③公務員の選挙については、成年者による普通選挙を保障する。

④すべて選挙における投票の秘密は、これを侵してはならない。選挙人は、その選択に関し公的にも私的にも責任は問はれない。

 

[自民党案]

第十六条(請願をする権利)

①何人も、損害の救済、公務員の罷免、法律、命令又は規則の制定、廃止又は改正その他の事項に関し、平穏に請願をする権利を有する。

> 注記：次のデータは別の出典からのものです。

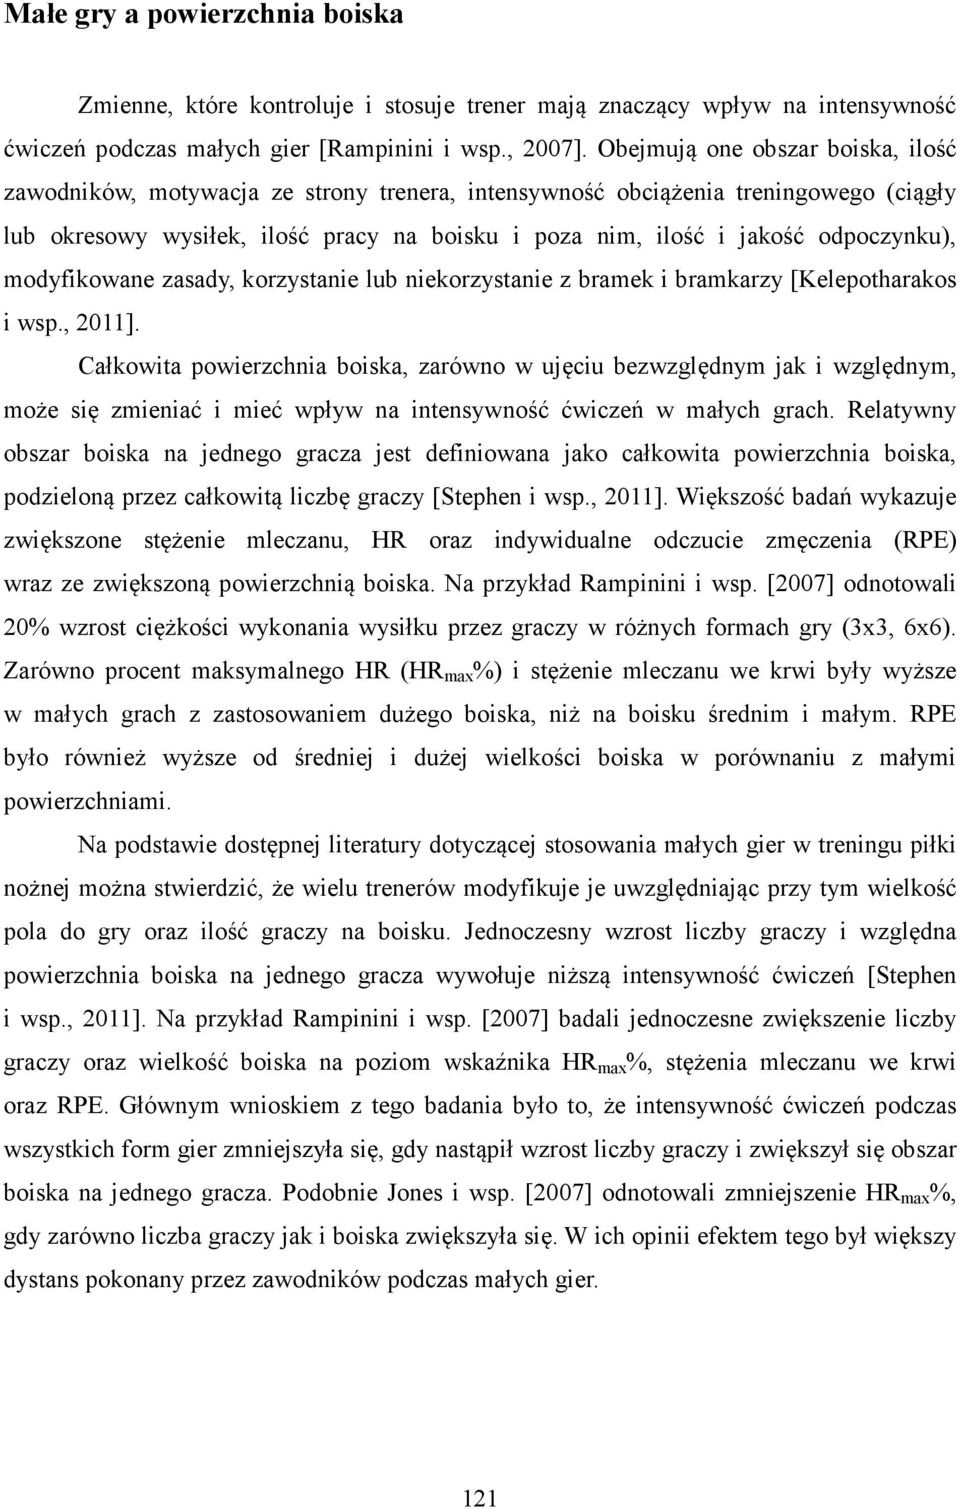 odpoczynku), modyfikowane zasady, korzystanie lub niekorzystanie z bramek i bramkarzy [Kelepotharakos i wsp., 2011].

②請願をした者は、そのためにいかなる差別待遇も受けない。

[現行憲法]

第十六条(請願権)

何人も、損害の救済、公務員の罷免、法律、命令又は規則の制定、廃止又は改正その他の事項に関し、平穏に請願する権利を有し、何人も、かかる請願をしたためにいかなる差別待遇を受けない。

 

[自民党案]

第十七条(国等に対する賠償請求権)

何人も、公務員の不法行為により損害を受けたときは、法律の定めるところにより、国又は公共団体に、その賠償を求めることができる。

[現行憲法]

第十七条(国及び公共団体の損害賠償責任)

何人も、公務員の不法行為により、損害を受けたときは、法律の定めるところにより、国又は公共団体に、その賠償を求めることができる。

 

[自民党案]

第十八条(奴隷的拘束及び苦役からの自由)

①何人も、いかなる奴隷的拘束も受けない。

②何人も、犯罪による処罰の場合を除いては、その意に反する苦役に服させられない。

[現行憲法]

第十八条(奴隷的拘束及び苦役からの自由)

何人も、いかなる奴隷的拘束も受けない。又、犯罪に因る処罰の場合を除いては、その意に反する苦役に服させられない。

 

[自民党案]

第十九条(思想及び良心の自由)

思想及び良心の自由は、侵してはならない。

第十九条の二(個人情報の保護等)

①何人も、自己に関する情報を不当に取得され、保有され、又は利用されない。

②通信の秘密は、侵してはならない。

[現行憲法]

第十九条(思想及び良心の自由)

思想及び良心の自由は、これを侵してはならない。

 

[自民党案]

第二十条(信教の自由)

①信教の自由は、何人に対しても保障する。いかなる宗教団体も、国から特権を受け、又は政治上の権力を行使してはならない。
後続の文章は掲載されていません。